Maoge and Maoge233 are playing a game.

There are two piles of stones, each time a player can choose one pile of stones, and take away any number of stone(s) from that pile. The person who takes the last stone wins.

Maoge always plays first and we want to know who will be the winner. Assume that both of them take the most optimal strategy.

Input
One line provides two numbers x, y, indicating the number of stones in the two piles, respectively

Output
The winner's name as a string, maoge or maoge233.

Constraint:
x,y<=100000

Answer 1

In this game, the winner is determined by the condition x mod (y + 1) is not equal to 0 or y mod (x + 1) is not equal to 0. Maoge and Maoge233 play optimally to win.

Step-by-step explanation:

In this game, both players will play optimally to win.

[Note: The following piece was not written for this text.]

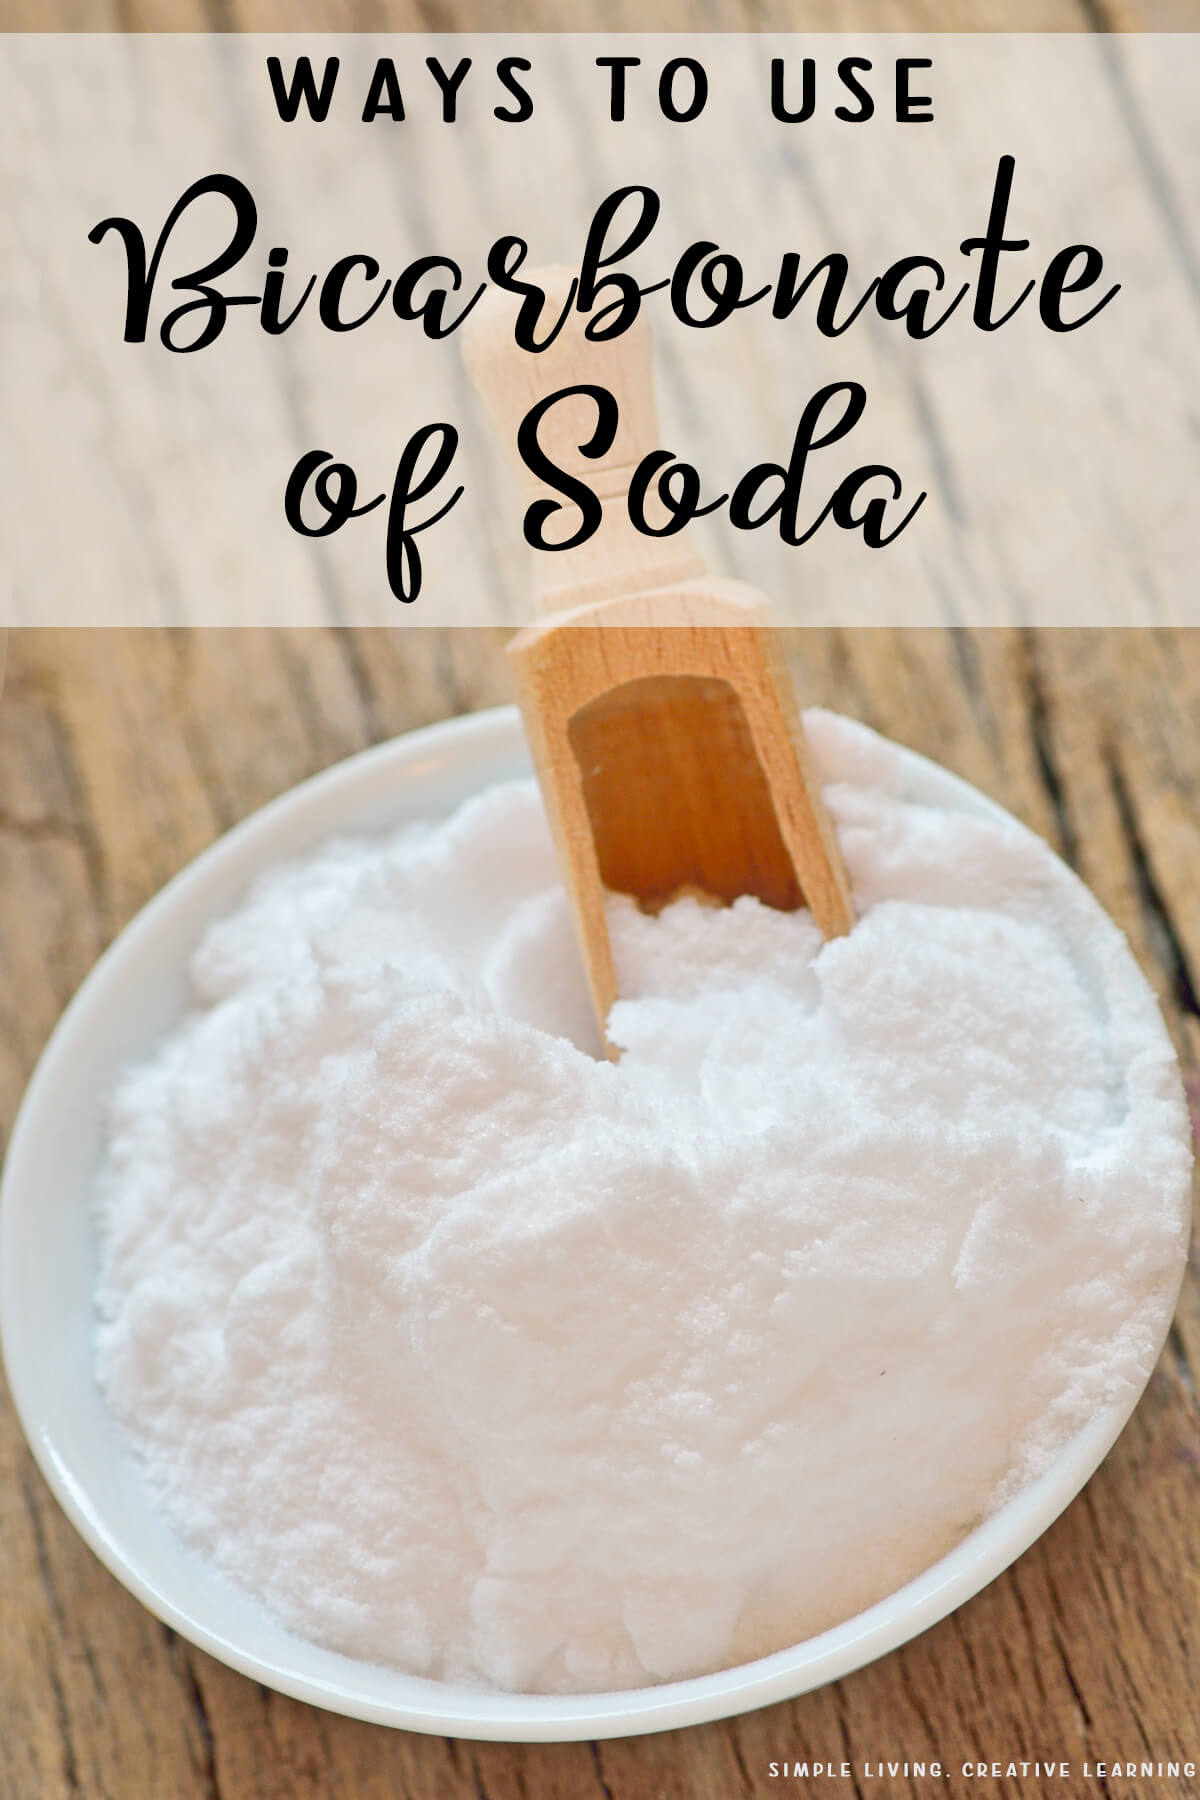 Ways to Use Bicarbonate of Soda

We can analyze the game using mathematical induction. Let's assume that if there are x stones in one pile and y stones in the other pile, the current player will win if and only if x mod (y + 1) is not equal to 0 or y mod (x + 1) is not equal to 0. If x mod (y + 1) is equal to 0, it means that the current player will lose no matter how many stones are removed from the piles. The same logic applies if y mod (x + 1) is equal to 0.

For example, if we have 4 stones in one pile and 5 stones in the other pile, Maoge can choose to remove 1 stone from the pile with 5 stones. Now, there are 4 stones in one pile and 4 stones in the other pile. No matter what move Maoge233 makes, Maoge can always copy the move and ensure that y mod (x + 1) is equal to 0 after Maoge's move. Therefore, Maoge will win this game.